Al Festival di Sanremo 2026 è arrivato ultimo, con “Avvoltoi”: trentesimo su trenta partecipanti. All’indomani della finale del Festival Eddie Brock ha citato sui social “Vita spericolata” di Vasco Rossi. Che però non arrivò ultima, ma penultima, nel 1983. Errore da matita rossa, per gli esperti della kermesse. Ma Eddie Brock è così: un simpatico cianfruglione. A cui si perdona, in un modo o nell’altro, tutto. Anche le stonature della prima esibizione sul palco dell’Ariston. L’emozione deve aver giocato brutti scherzi: «Fino a due mesi fa lavoravo come operatore turistico, tra check-in e valigie da portare», dice lui, romano, 28 anni, che è cresciuto ascoltando Pino Daniele, Lucio Dalla, Lucio Battisti e al Festival, nella serata delle cover, ha deciso di condividere il palco con Fabrizio Moro, che ricorda un po’ anche nel timbro, su “Portami via”.
È arrivato al Festival direttamente tra i grandi, anche senza avere numeri da grande, grazie a una delle hit più virali dello scorso anno, quella “Non è mica te” che su Spotify in poche settimane ha totalizzato più streams — 26 milioni in tutto — di quelle totalizzate negli anni dai brani più streammati di Enrico Nigiotti e Leo Gassmann (che al Festival, a differenza sua, ci erano stati più volte in passato). “Non è mica te” era uscita lo scorso maggio, contenuta all’interno dell’album “Amarsi è la rivoluzione”, pubblicato per l’etichetta indipendente Sangita Records, ma era passata totalmente inosservata. Così come l’intero disco. È esplosa a ottobre, grazie a un trend su TikTok.
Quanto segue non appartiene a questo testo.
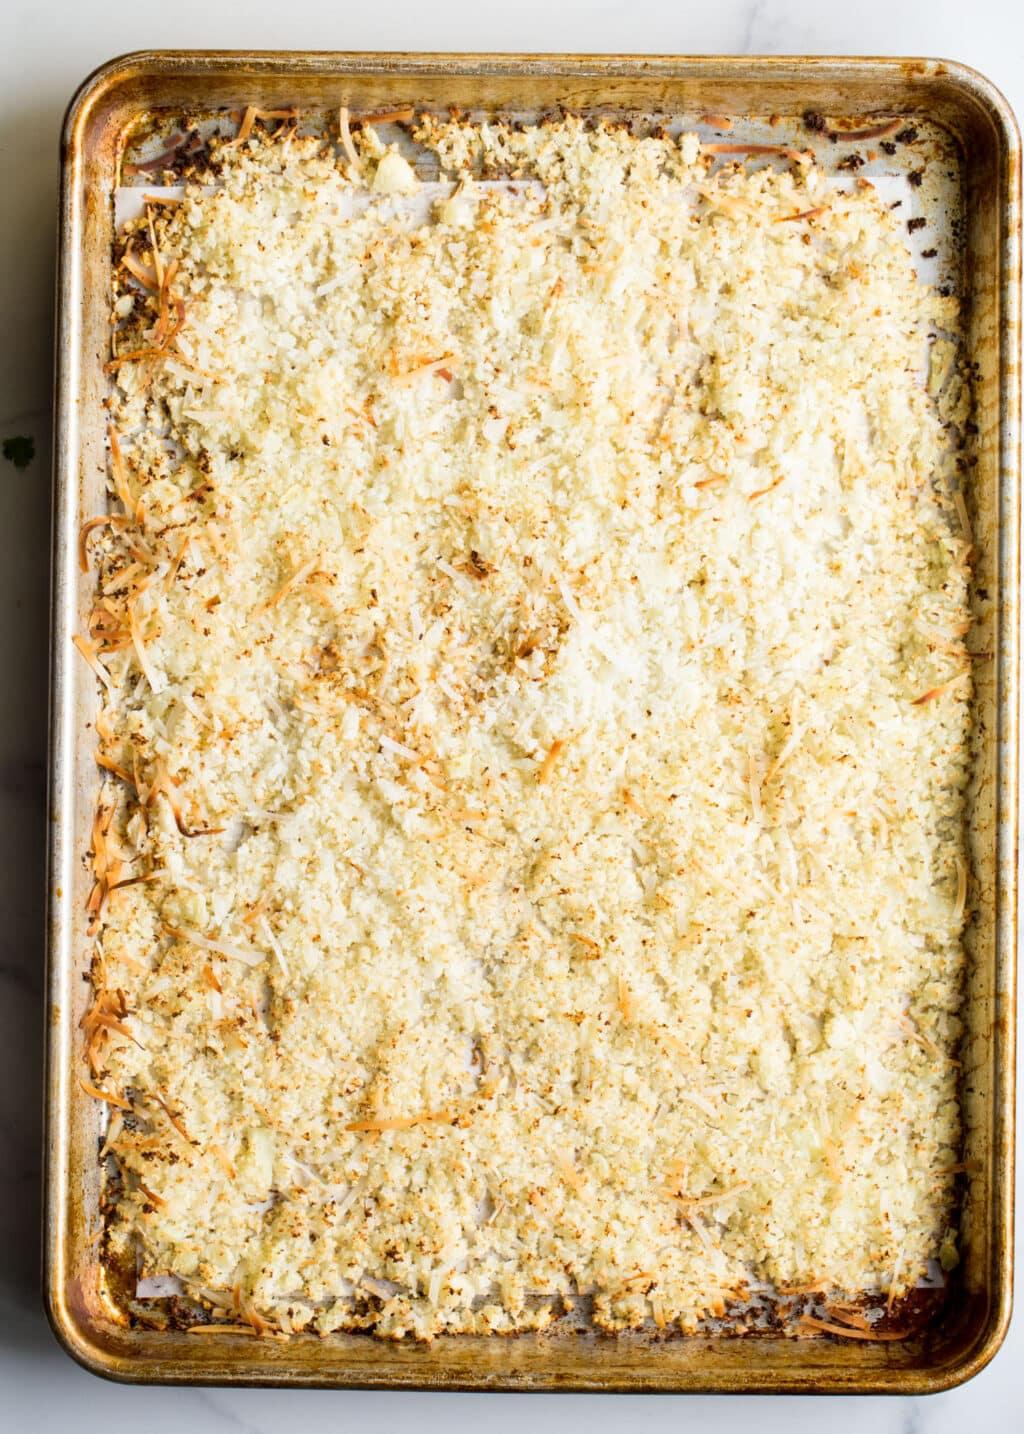 Sheet pan with roasted cauliflower rice

Ora il disco è stato ripubblicato, dopo la firma con Warner Music, una delle multinazionali della discografia, in versione deluxe, con “Avvoltoi”, il duetto con Fabrizio Moro su “Portami via” e un inedito, “Il tuo universo”.
Mentre sta girando l’Italia per incontrare i fan nei firmacopie del disco, Eddie Brock — vero nome Edoardo Iaschi: quello d’arte è un omaggio alla nemesi di Spider-Man nei fumetti Marvel — si sta prendendo nelle classifiche reali una rivincita nei confronti del trentesimo posto al Festival.
Su Spotify, per dire, “Avvoltoi” è stata la ventesima canzone più streammata della settimana tra tutte le sanremesi: ha superato “Prima o poi” di Michele Bravi, “Stella stellina” di Ermal Meta, “Animali notturni” di Malika Ayane, “Le cose che non sai di me” di Mara Sattei, “Ogni volta che non so volare” di Enrico Nigiotti, “Ora e per sempre” di Raf, “La felicità e basta” di Maria Antonietta e Colombre, “Naturale” di Leo Gassmann, “Il meglio di me” di Francesco Renga e “Opera” di Patty Pravo. Le diciotto tracce dell’album sfiorano quota 40 milioni di streams complessive su Spotify. E intanto un’altra sua vecchia canzone, “Roma dorme”, contenuta nell’omonimo Ep uscito nel 2023, sta diventando virale su TikTok. Più rivincita di così: «Ma per me, che fino a due mesi fa facevo tutt’altro nella vita e non vivevo di musica, purtroppo, era già un successo essere riuscito a partecipare al Festival tra i big, a poche settimana dal boom di “Non è mica te”. Quindi non mi reputo uno sconfitto. Sarei stato contentissimo anche se fossi arrivato trentunesimo».
Il 26 marzo dalla Santeria Toscana di Milano partirà il tour nei club “Amarsi Live 2026”, che farà tappa il 3 aprile al Duel Club di Pozzuoli, il 4 aprile alla Vecchia Dogana di Catania, il 29 marzo a Largo Venue a Roma, prima delle date estive. Prima di Sanremo era solito dare appuntamento ai fan per alcuni concerti a sorpresa al Pincio, belvedere in centro a Roma: «Poi la situazione ci è sfuggita di mano: ad un certo punto era diventato impossibile controllare tutta quella gente. Prima o poi, però, lo rifarò».